“We must ensure that the tax on the banks’ extra profits can be deductible and confirm that it is a one-off,” Tajani said at the Versiliana event in Marina di Pietrasanta on the Tuscan coast.
“And ‘territory (smaller local) banks’ must be excluded from the measure: these are three important points, so that the measure can be fair.”
For this reason, he concluded, “we will present amendments in Parliament and I believe that an agreement can be found, because we believe that a well-written rule can help families, businesses, consumers and small shareholders and not put the system in difficulty”.
FI was one of the government partners that criticised the measure, which Prime Minister Giorgia Meloni has claimed as her own.

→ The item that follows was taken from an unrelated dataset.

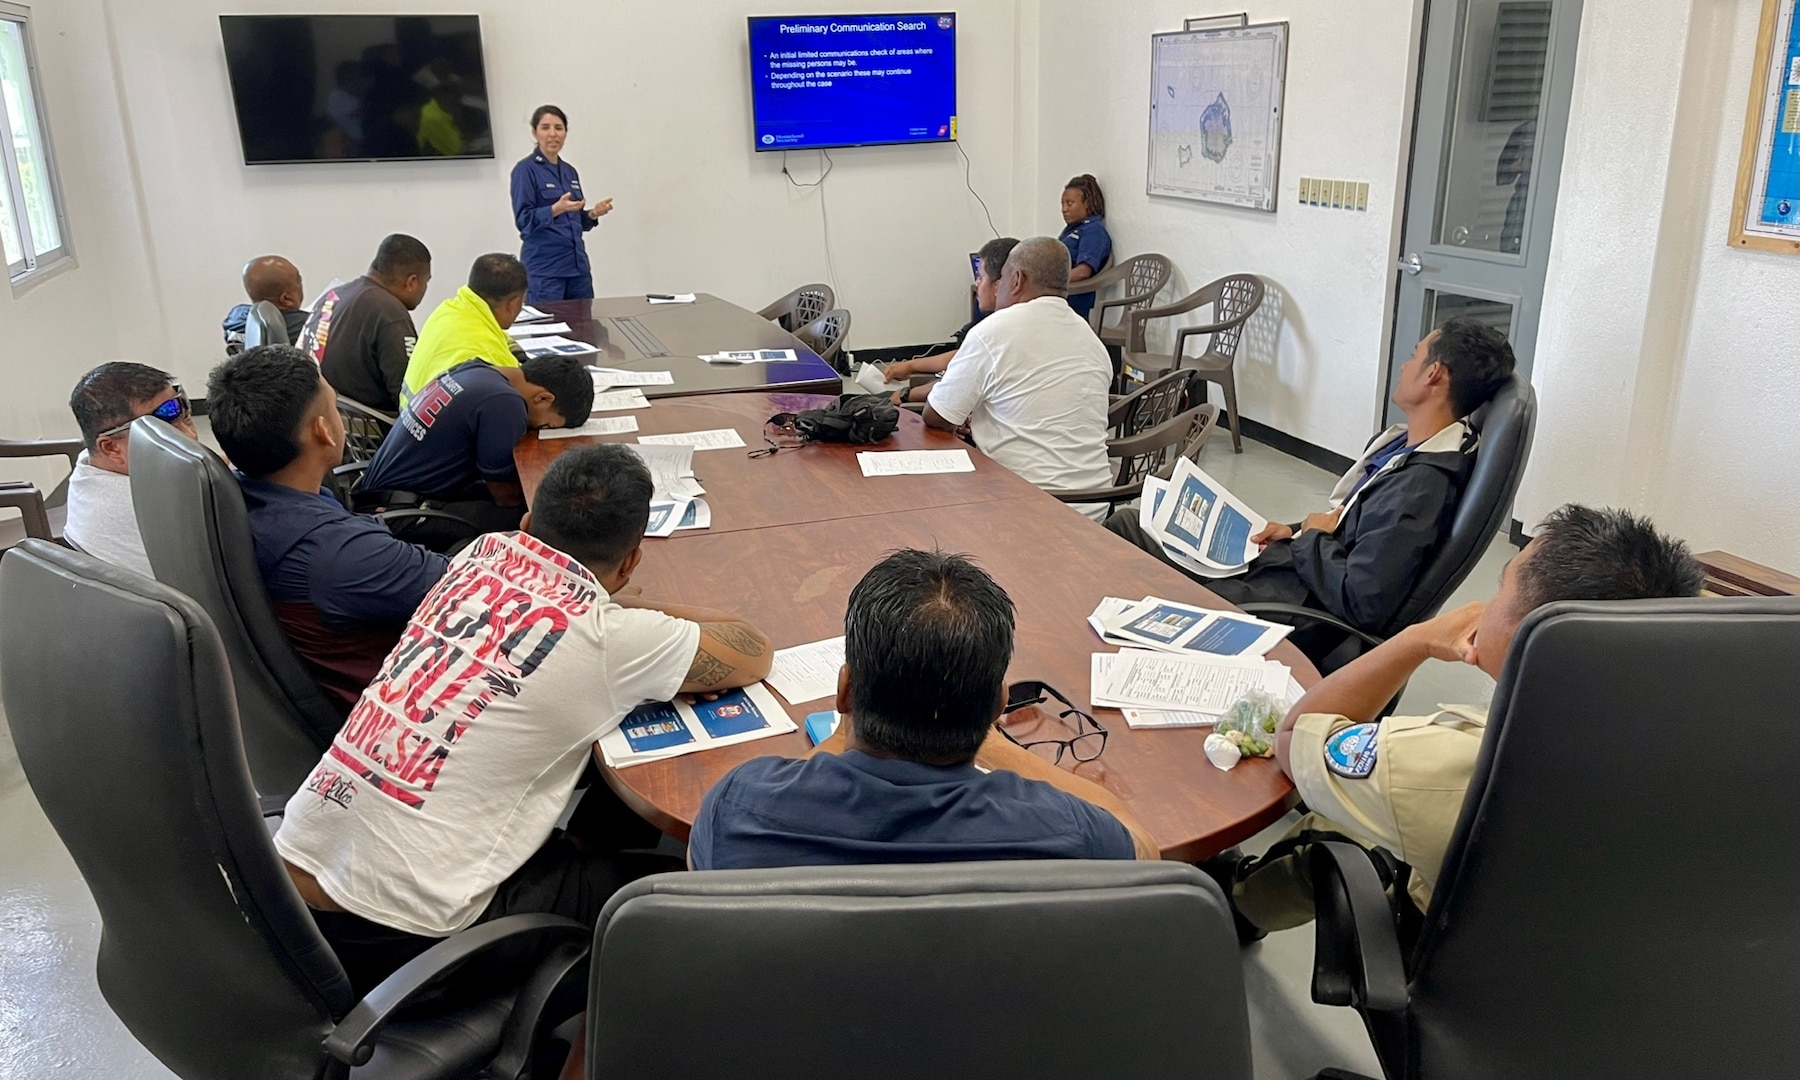 Members of U.S. Coast Guard Forces Micronesia/Sector Guam provide instruction in search and rescue planning and operations during a SAR exercise with partners in the Pohnpei State, Federated States of Micronesia, on April 18, 2024. The exercise involved comprehensive seminars and functional drills designed to strengthen SAR response across the region. Key components of the training included SAR system fundamentals, alerting procedures, communications, and a SAR OPS software demonstration, alongside an overdue vessel check sheet exercise. Participants included the Pohnpei State Division of Fire and Emergency Services and Pohnpei Division of Fish and Wildlife. (U.S. Coast Guard photo by Lt. Henry Dunphy)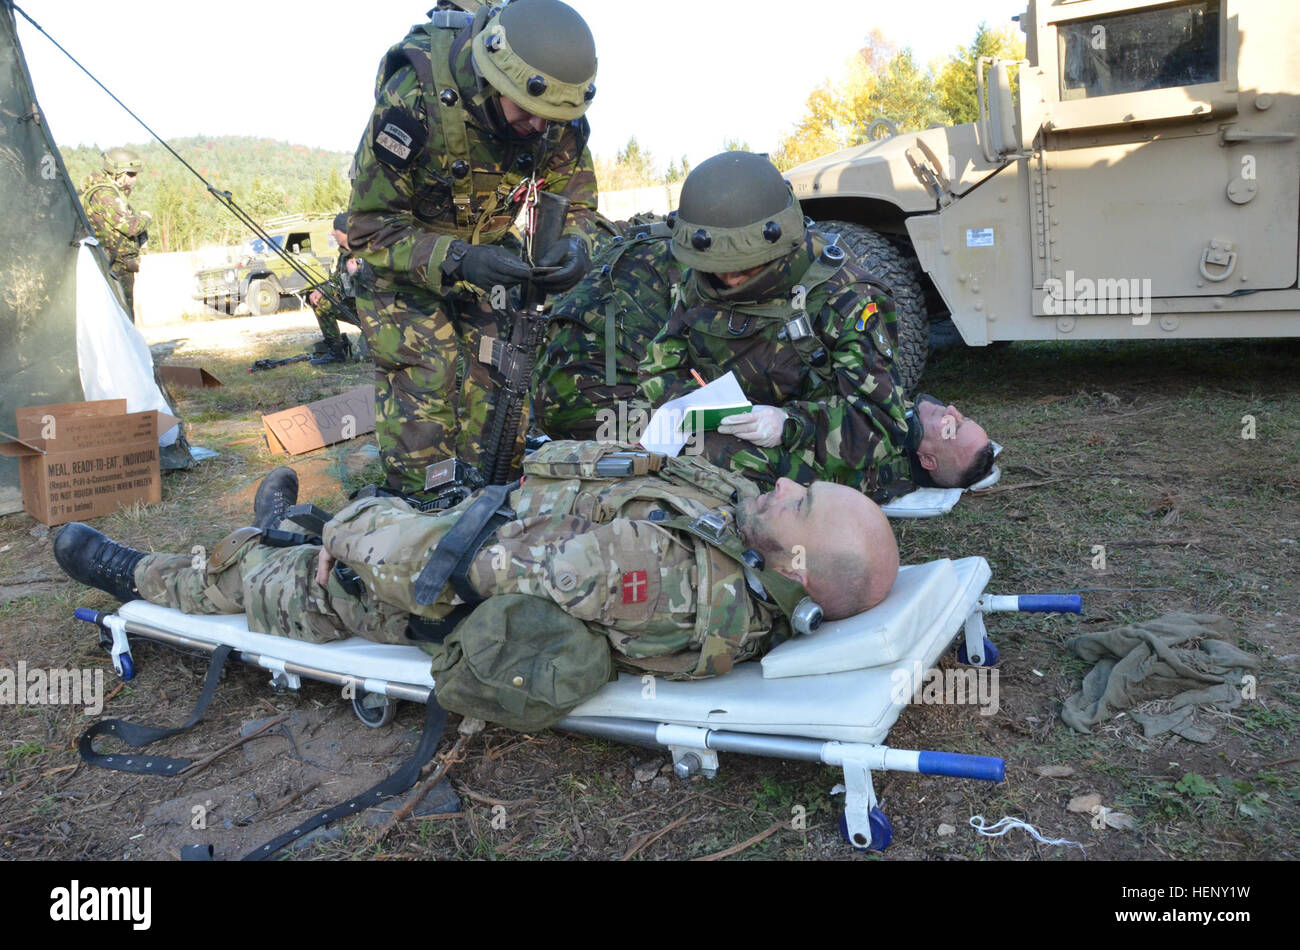 Romanian soldiers of the 21st Mountain Troops Battalion, 2nd Mountain Troops Brigade, 1st Infantry Division, fill out a 9-Line medical evacuation request form during exercise Combined Resolve III at the Joint Multinational Readiness Center in Hohenfels, Germany, Nov. 3, 2014.  Combined Resolve III is a multinational exercise, which includes more than 4,000 participants from NATO and partner nations, and is designed to provide a complex training scenario that focuses on multinational unified land operations and reinforces the U.S. commitment to NATO and Europe. (U.S. Army photo by Pv2. Courtney Stock Photo

Tajanai also said the government should “stabilise” a 7 per cent cut to the labour tax wedge.
“[We should also] progressively detax 13th month bonuses, overtime, production bonuses, holiday and Sunday work,” he said at an event on the north Tuscan coast.
The government has highlighted the benefits of the move and has argued against introducing a minimum wage as advocated by the opposition.
In his speech, Tajani also claimed it was a “very serious mistake” on the part of the West to let former Libyan leader Muammar Gaddafi be killed after an uprising in the Arab Spring in 2011, because his death unleashed instability in the north African nation.
“... he may not have been the champion of democracy, but once he was finished, political instability arrived in Libya and Africa”, Tajani offered in response to a question by conservative journalist Alessandro Sallusti at the Versiliana midsummer forum.
Gaddafi, who presided over a rapprochement with Italy, was killed by rebels on October 20, 2011.